(DATA SHOWN begins)
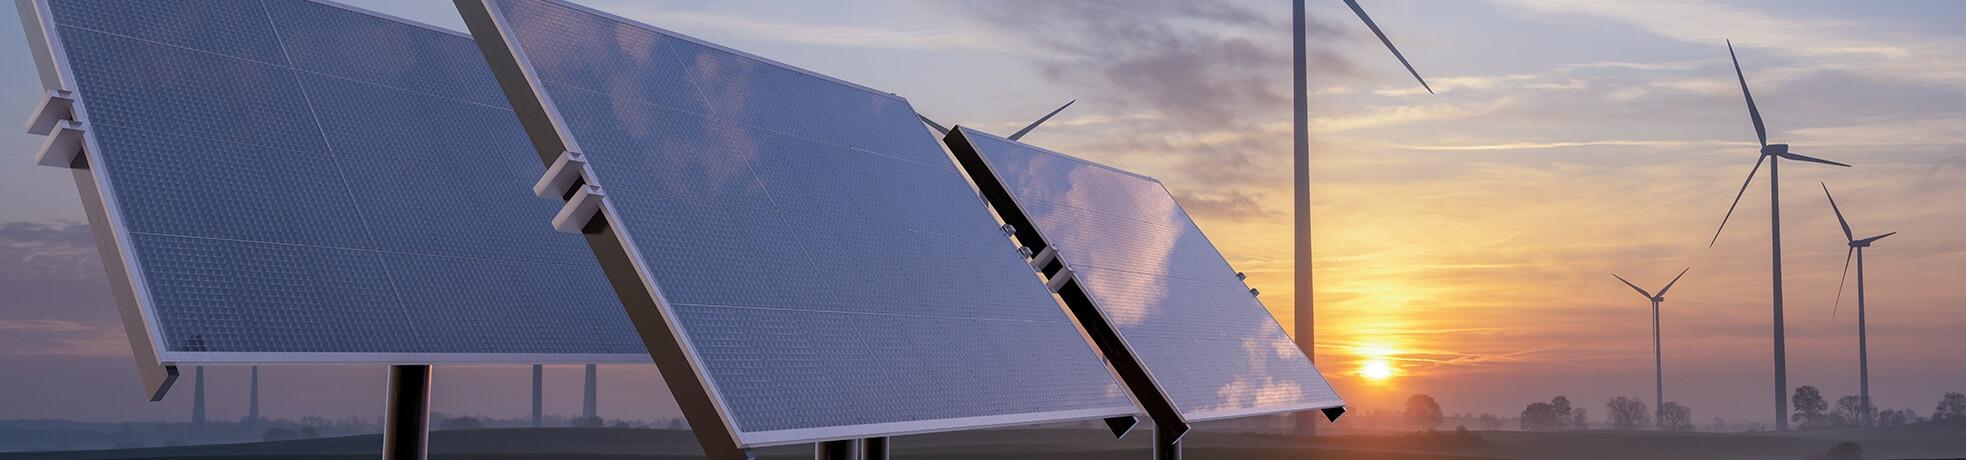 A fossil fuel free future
(DATA SHOWN ends)
(DATA SHOWN begins)
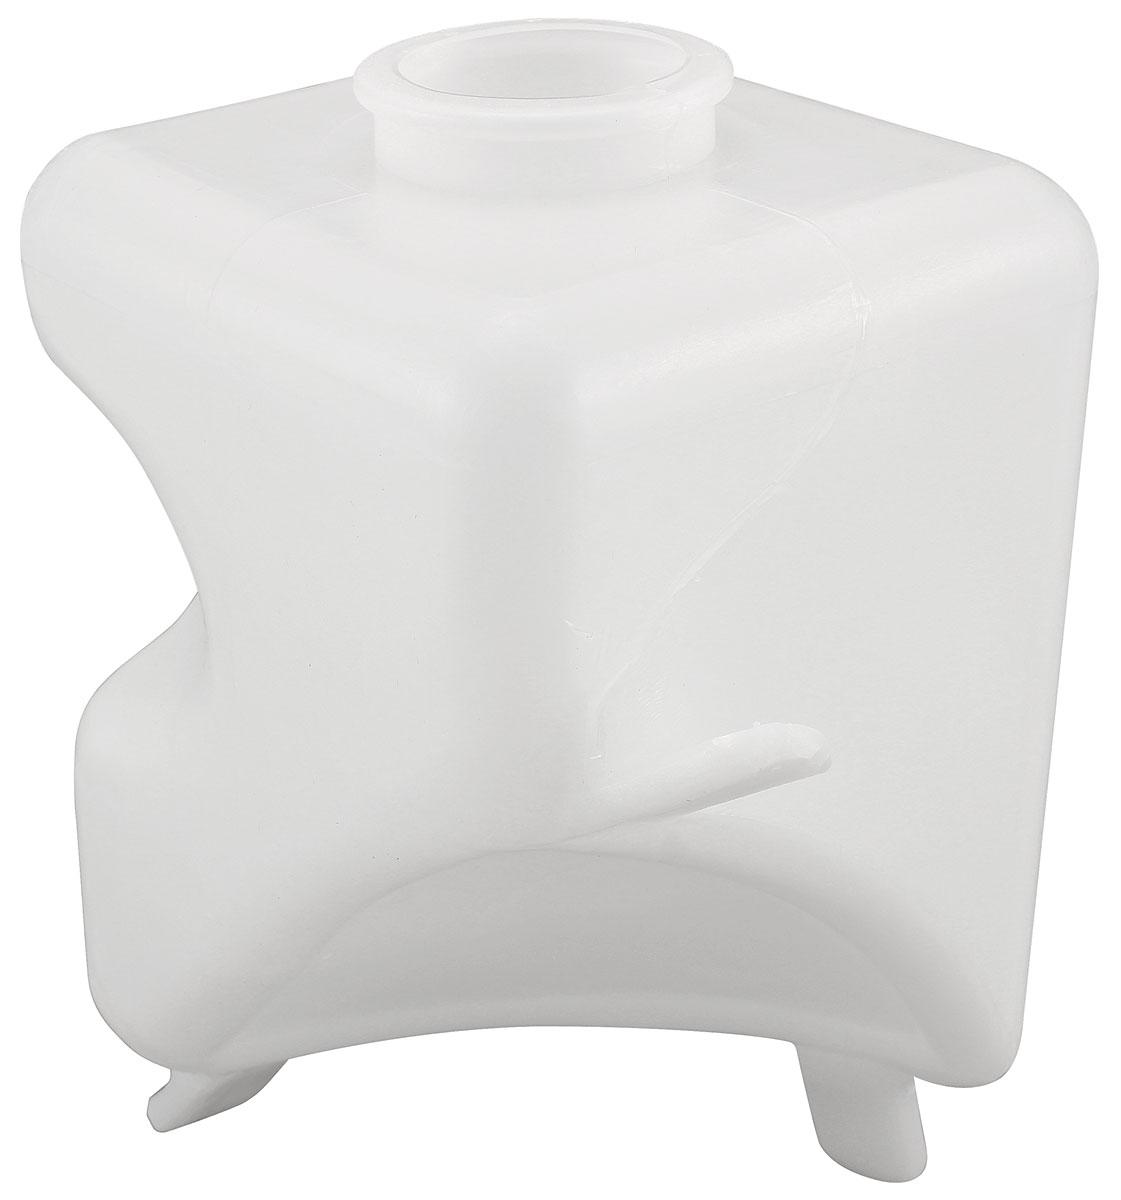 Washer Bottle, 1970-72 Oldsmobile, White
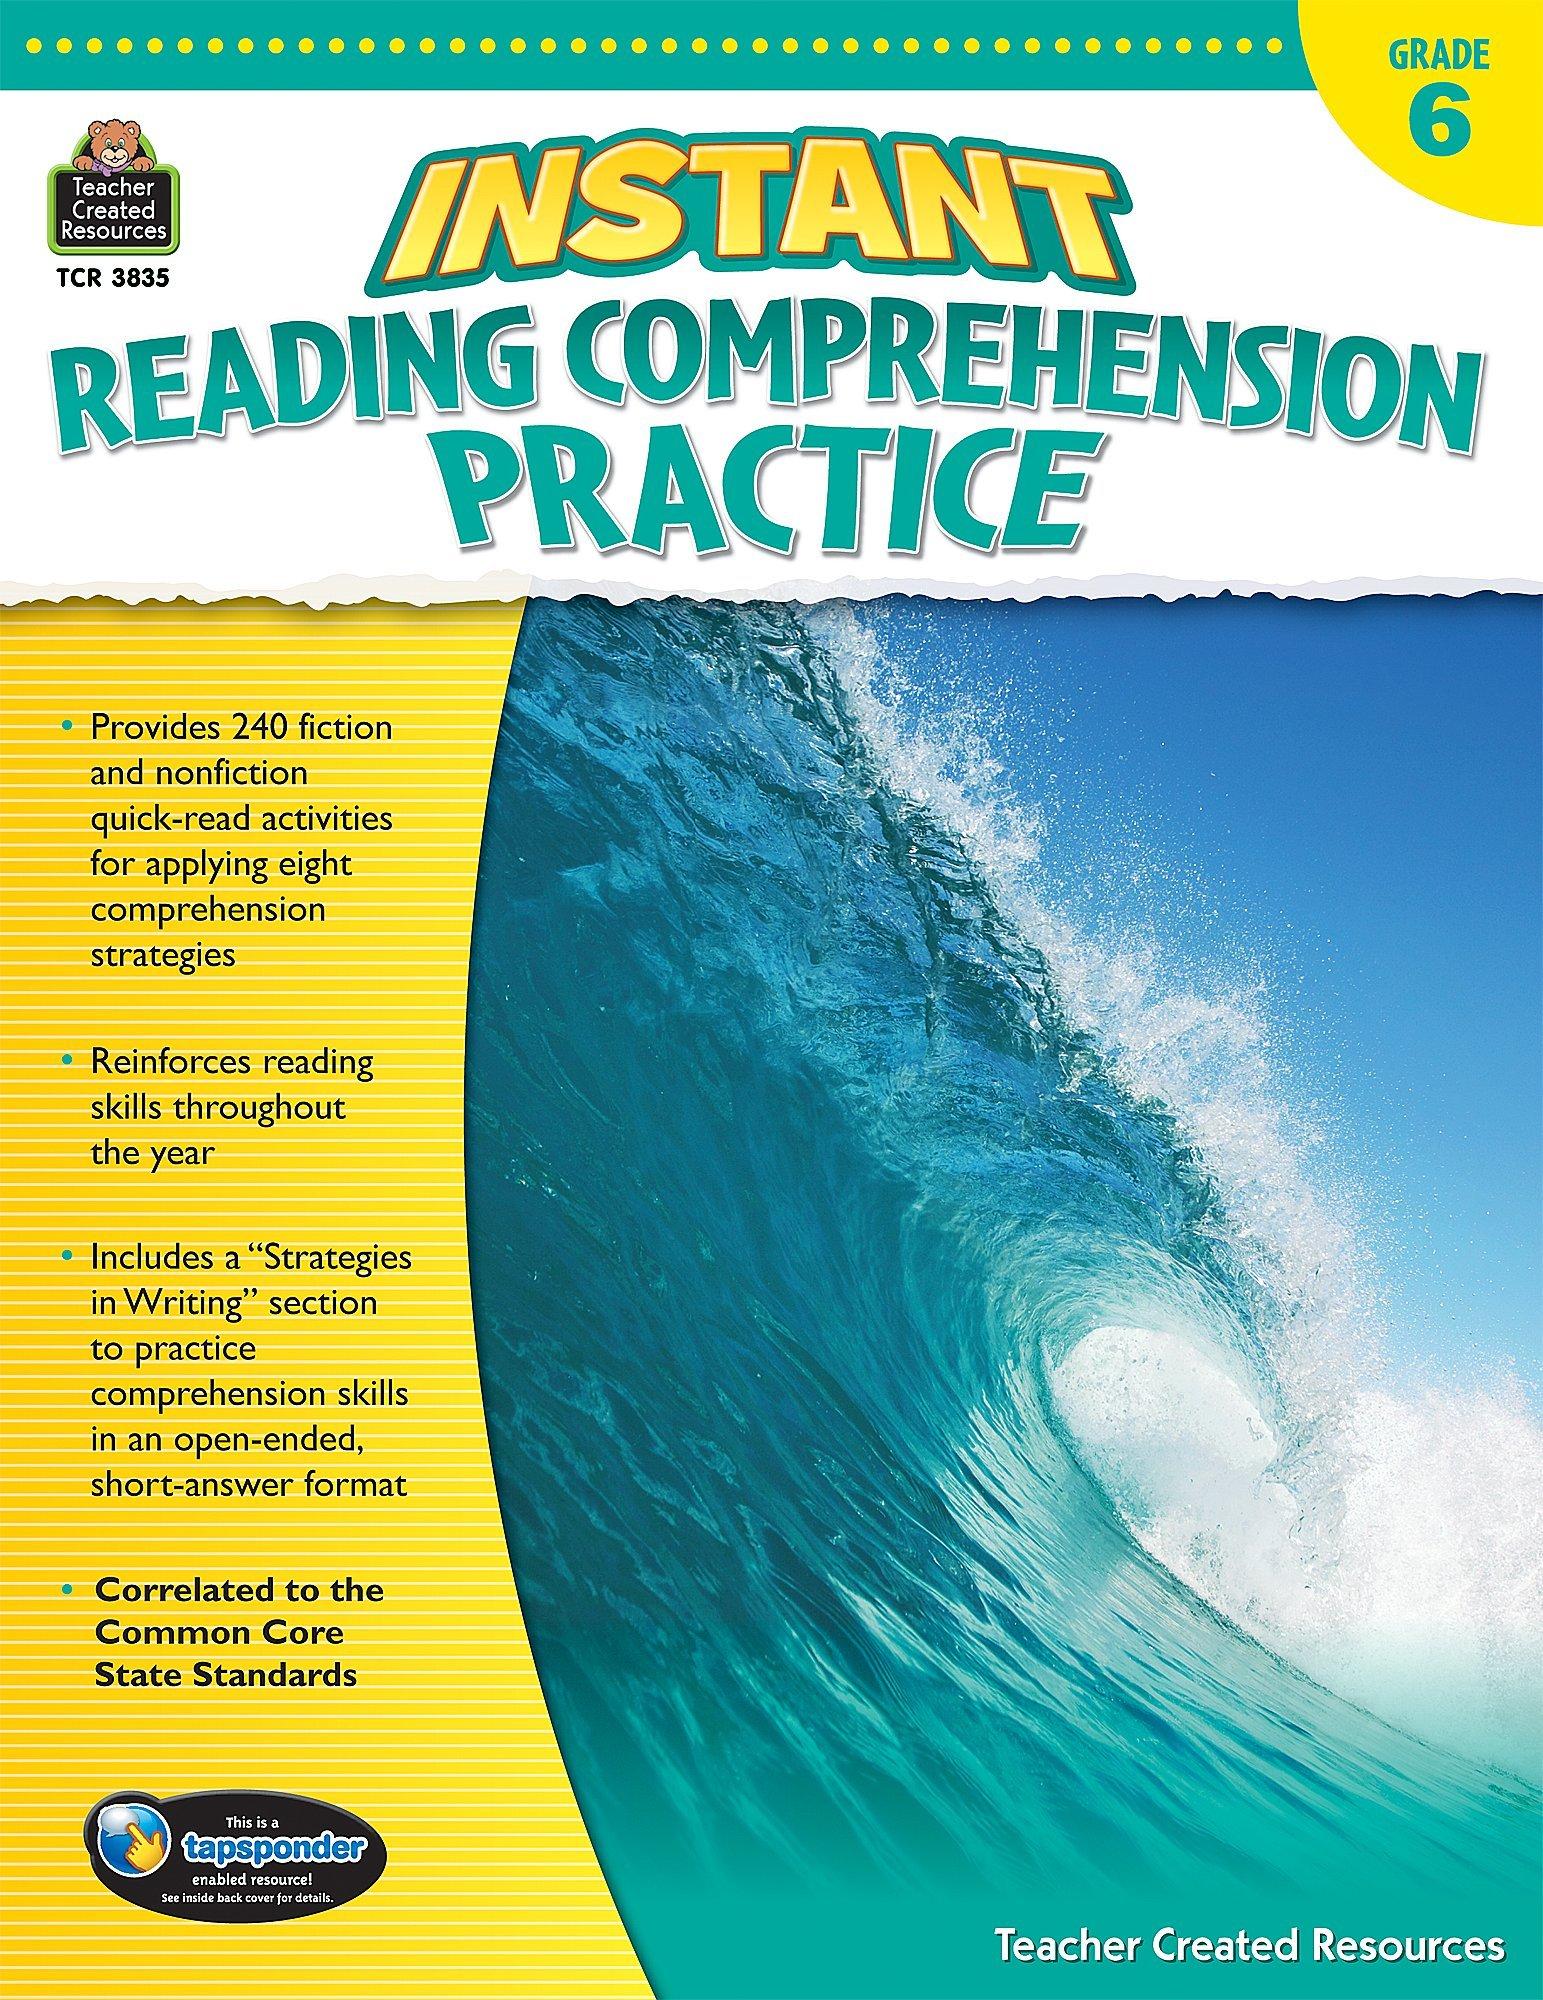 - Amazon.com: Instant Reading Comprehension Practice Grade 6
(DATA SHOWN ends)
(DATA SHOWN begins)
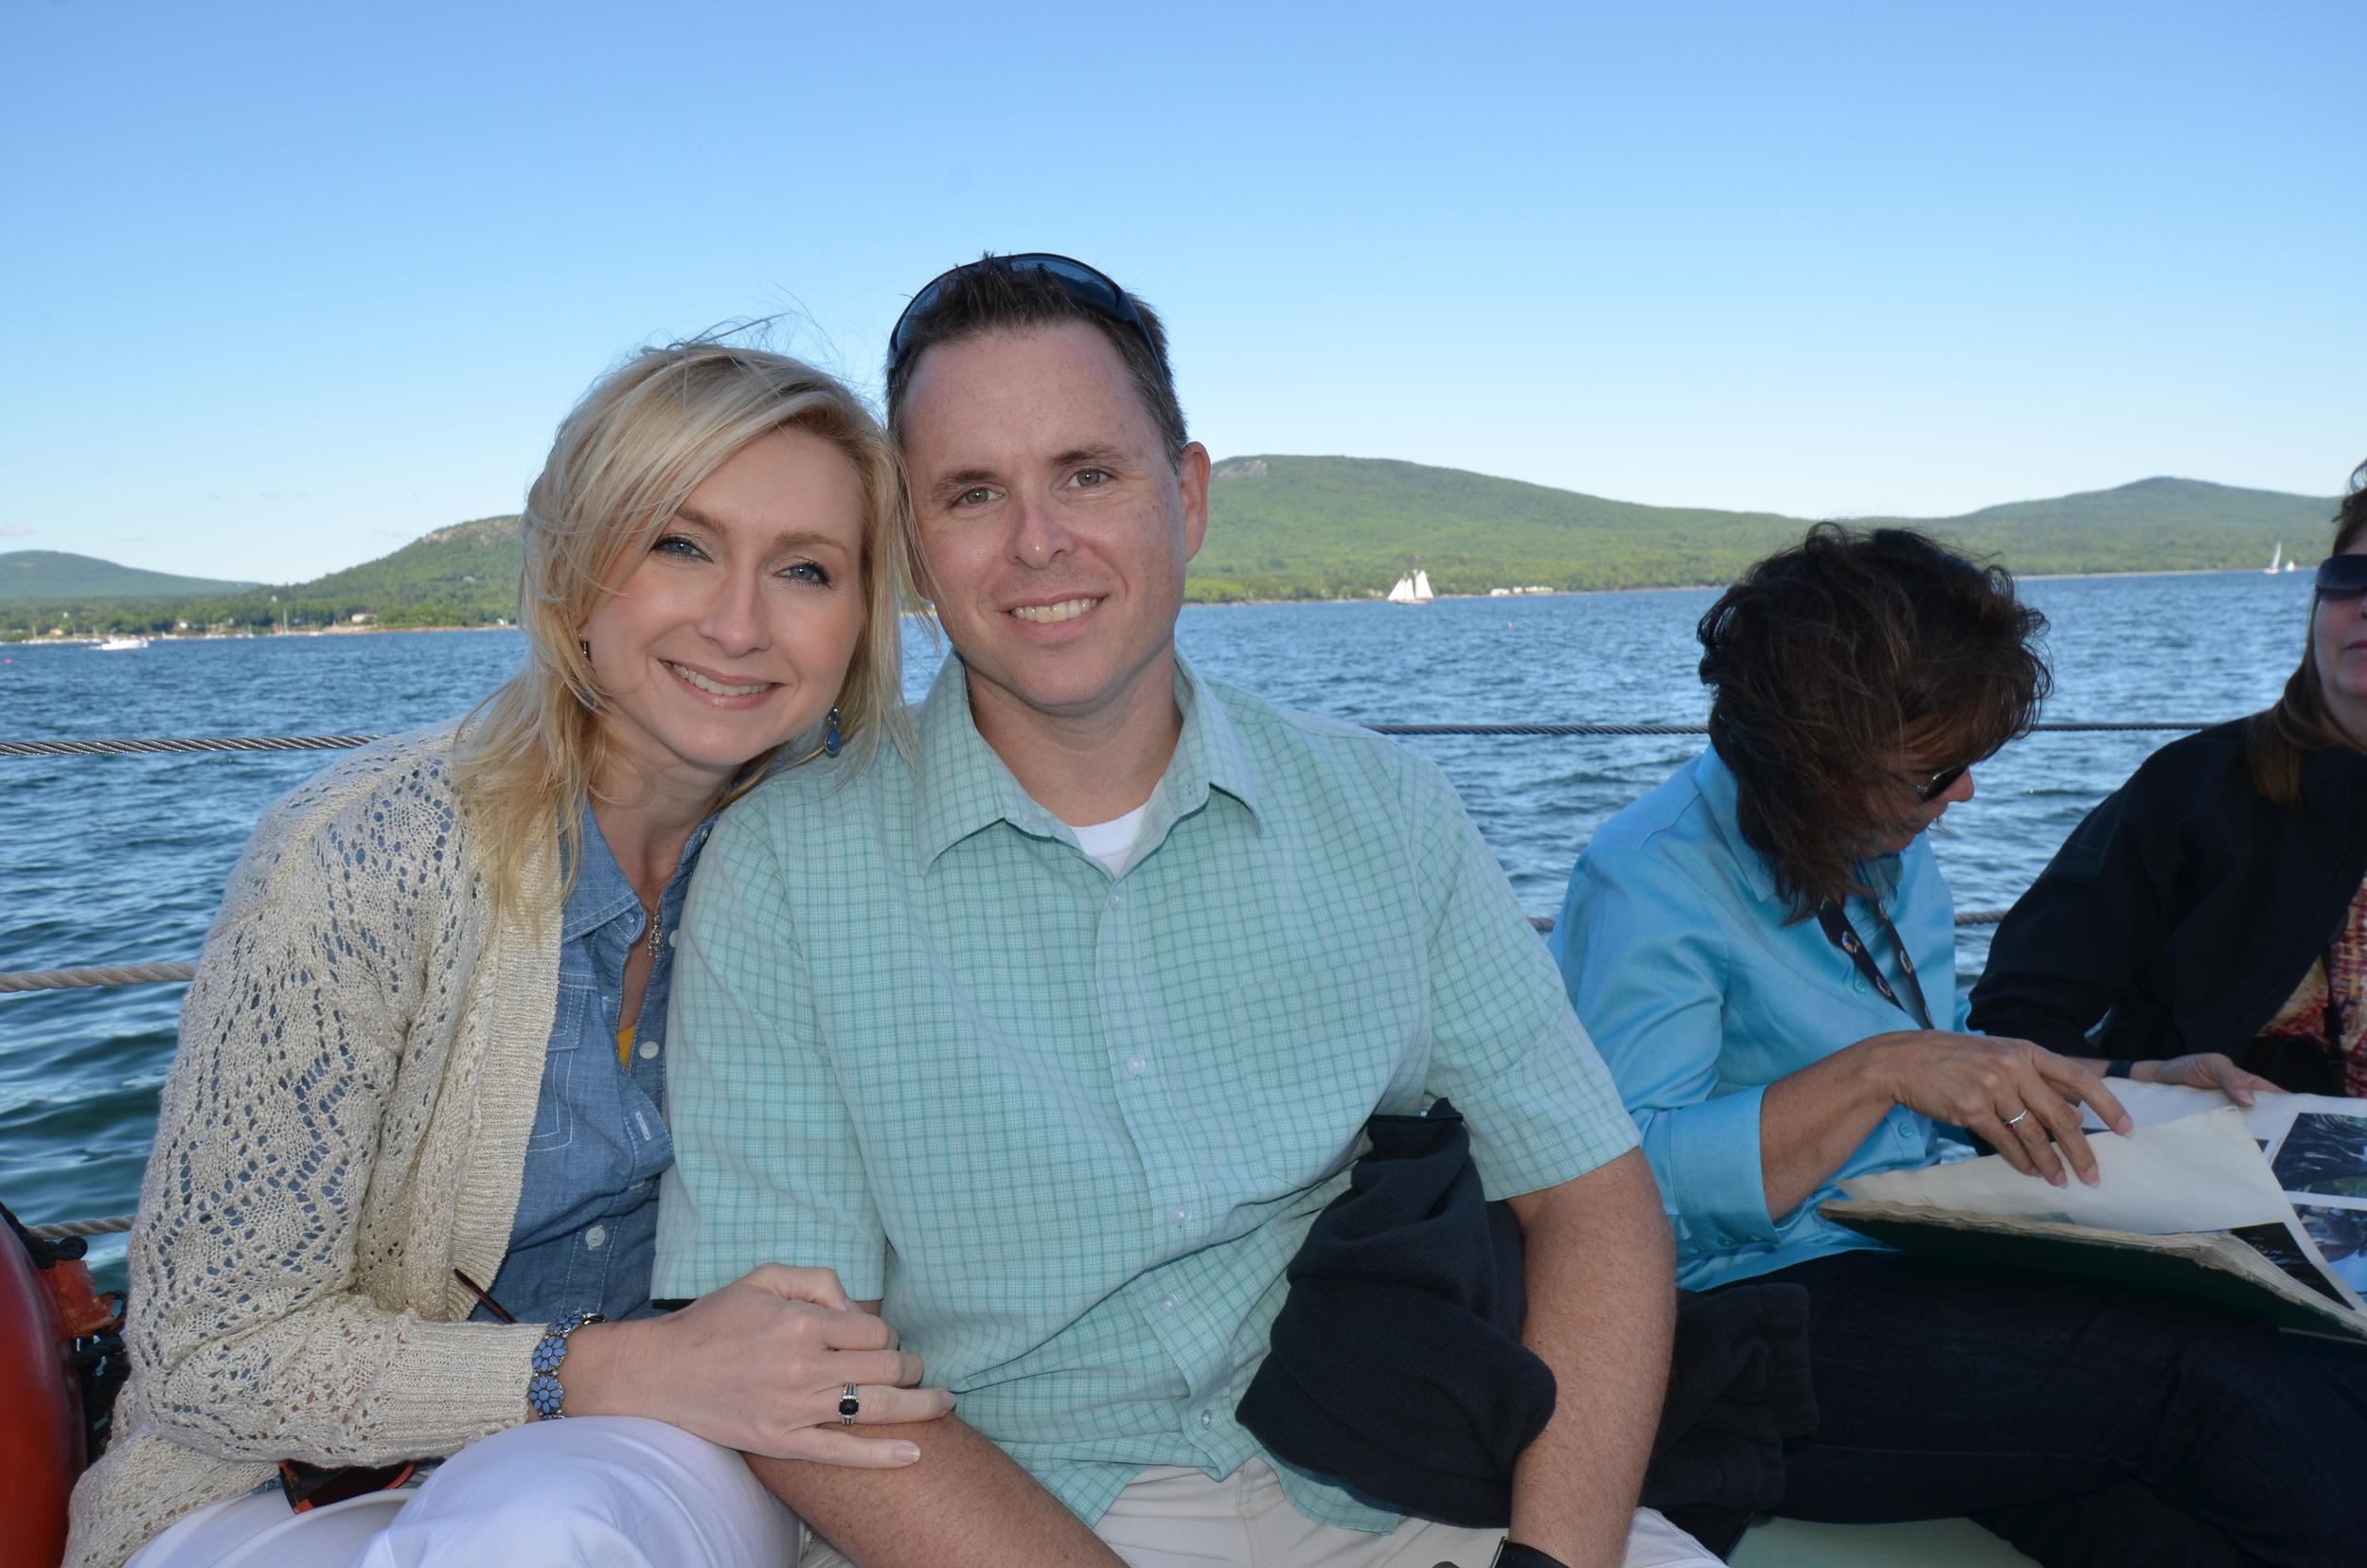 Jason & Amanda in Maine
(DATA SHOWN ends)
▶ _TASK INSTRUCTIONS_: Reproduce exactly the lines above that run from the one with "Washer Bottle, 1970-72 Oldsmobile, White" to the one with "- Amazon.com: Instant", both included, leaving pictures out.

▶ _SOLUTION TO THIS PROBLEM_:
 Washer Bottle, 1970-72 Oldsmobile, White
 - Amazon.com: Instant Reading Comprehension Practice Grade 6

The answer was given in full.